Given data
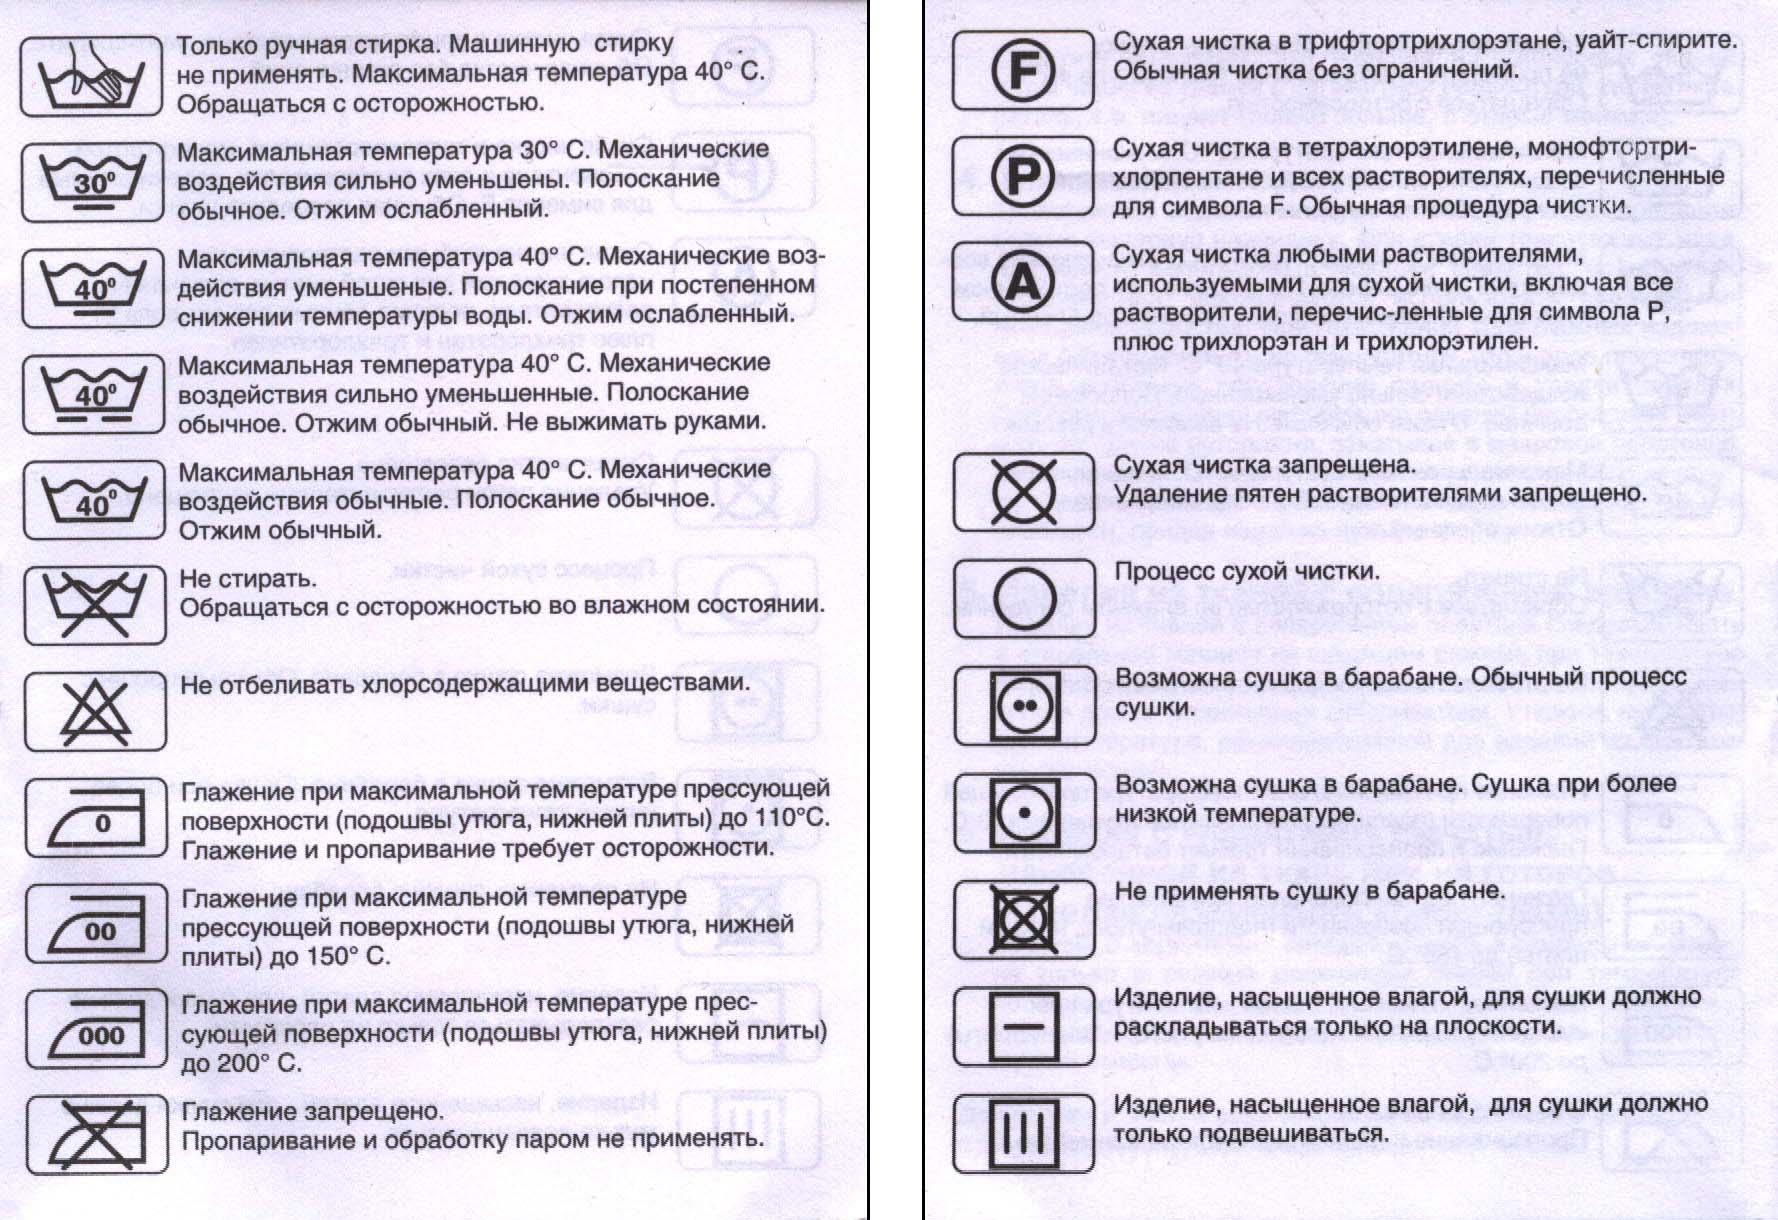 Скачати значки на одязі. Значения значков на ярлыках одежды adc3e2ebf591f
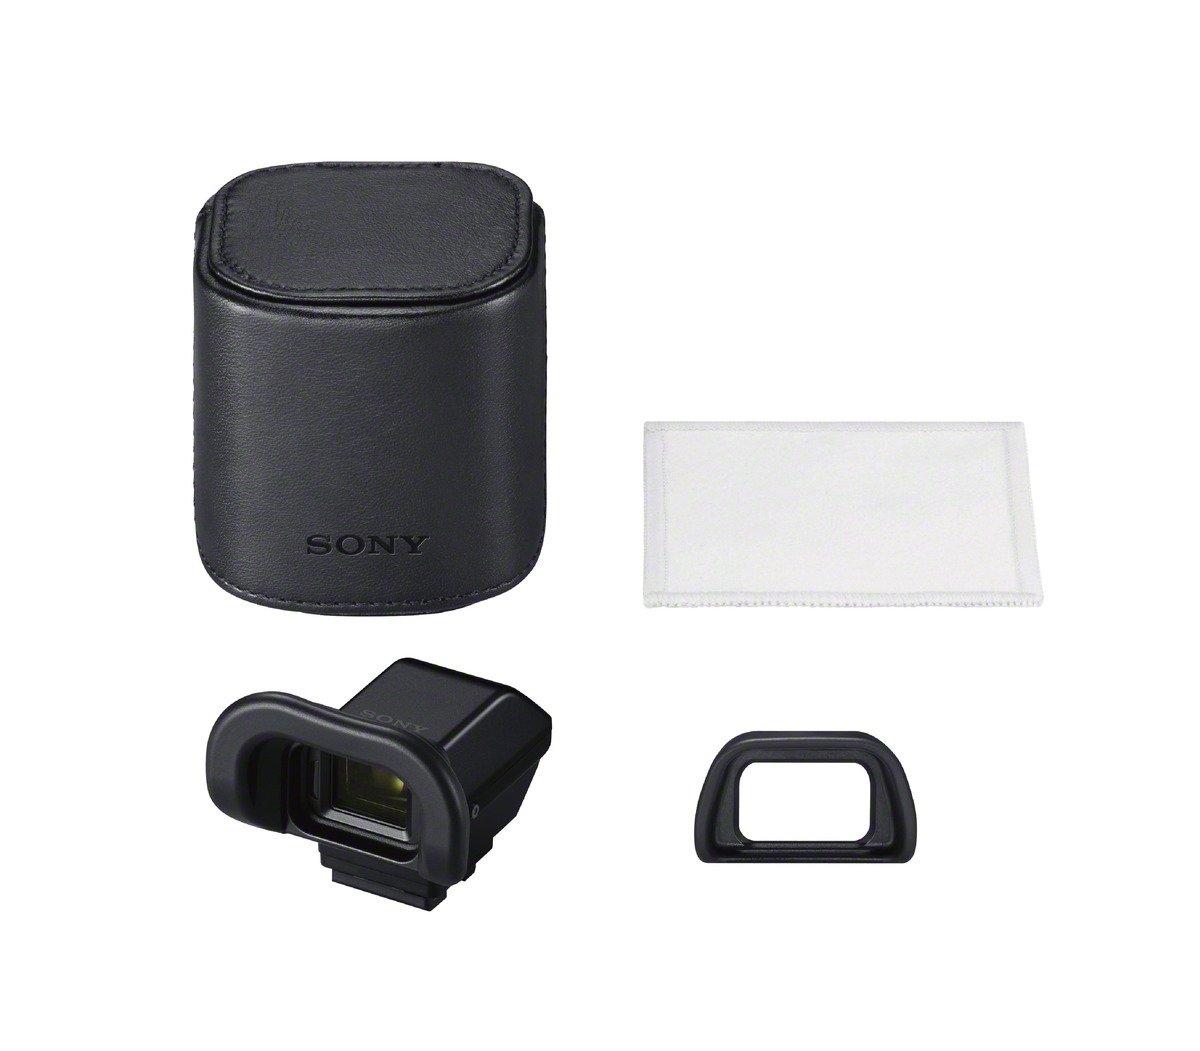 Sony FDAEV1MK Electronic Viewfinder Kit (Black) by Sony
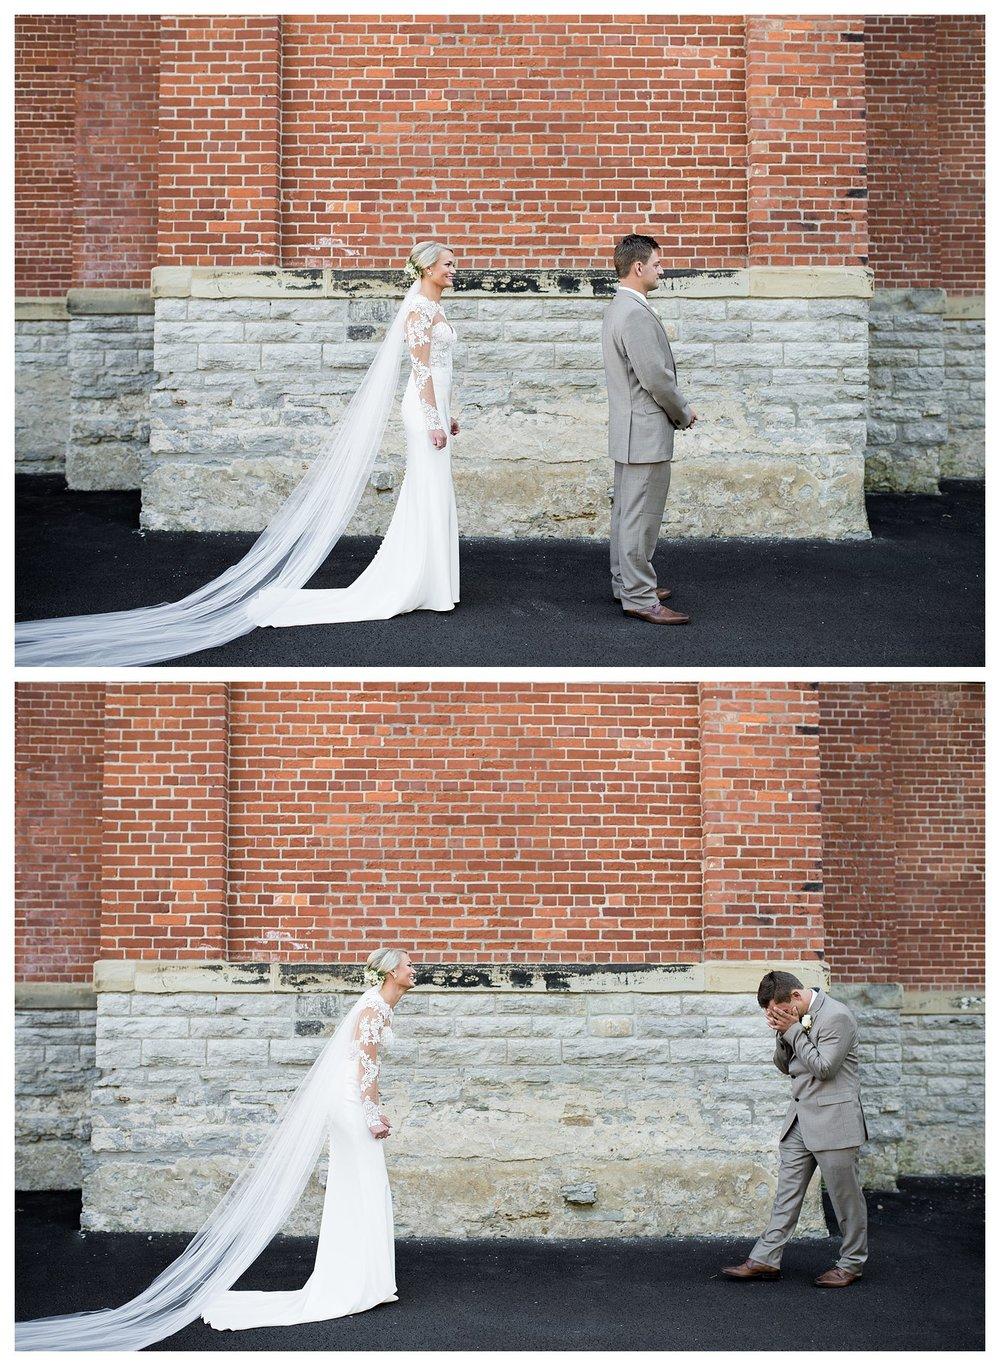 everleigh-photography-monastery-event-center-cincinnati-wedding-photographer-tara-and-elliot-heil-wedding-19

Work request
Leave the pictures out, and print every line of the listing exactly as written.

Expected answer
 Скачати значки на одязі. Значения значков на ярлыках одежды adc3e2ebf591f
 Sony FDAEV1MK Electronic Viewfinder Kit (Black) by Sony
 everleigh-photography-monastery-event-center-cincinnati-wedding-photographer-tara-and-elliot-heil-wedding-19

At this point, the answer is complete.